Fluffy Scales n Tails


----------



## markhill (Sep 22, 2006)

Pets'n'Reps


----------



## HABU (Mar 21, 2007)

snakes n things


----------



## penfold (Sep 9, 2007)

*shop*

henrys herps:grin1:


----------



## Skar's Royals (Aug 24, 2007)

Southern Exotics, Coastal Exotics (if ya by the coast of course) or South Coast Exotics


----------



## HABU (Mar 21, 2007)

responsible reptiles:grin1:


----------



## davenoble (Aug 25, 2007)

fluff and fangs!


----------



## snakelover (Dec 17, 2006)

markhill said:


> Pets'n'Reps


i like that one best  pretty good!
erm i cant think of any...


----------



## brian (Oct 22, 2005)

New world pets planet pets Hot & cold pets smoth un fury pets


----------



## eeji (Feb 22, 2006)

ummm.... Henrys Pet Shop


----------



## argentine_boa (Feb 10, 2007)

Keep them coming people.

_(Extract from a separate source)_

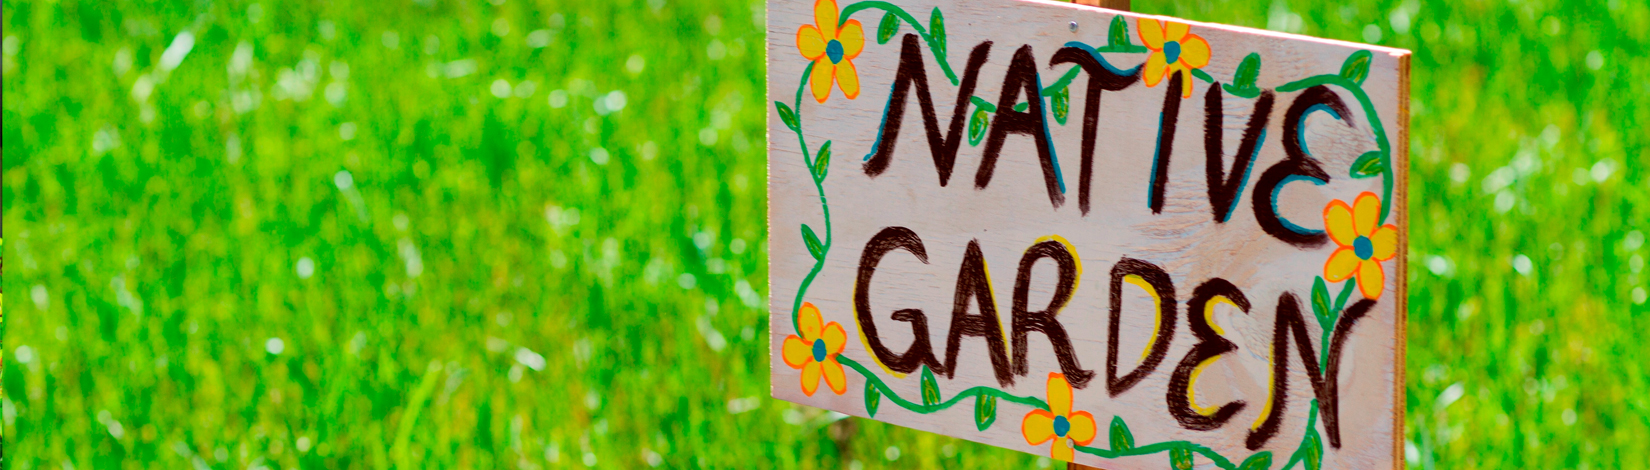 Native Garden sign

There has been some good names mentioned already.


----------



## snickers (Aug 15, 2007)

> I will be doing mainly herps but also some furry
> animals too.

Predator and prey !

Reptiles 1.1 and pets too


----------



## snakelover (Dec 17, 2006)

Henrys Reptile House
The Reptile Place
Henrys Exotic Pets
Henrys Exotics
Henrys Pets
Reps and Pets OR Reps 'nd' Pets (like someone else said)


----------



## argentine_boa (Feb 10, 2007)

Any more ideas guys?


----------



## Andy b 1 (May 14, 2007)

the reptile shop


----------



## powderpuff_girl (Mar 5, 2007)

since i spoke to u on msn the only thing i can come up with is paws and claws


----------



## ratboy (Jan 10, 2007)

Fangs for the Mammalories.


----------



## davenoble (Aug 25, 2007)

ratboy said:


> Fangs for the Mammalories.



very witty lol


----------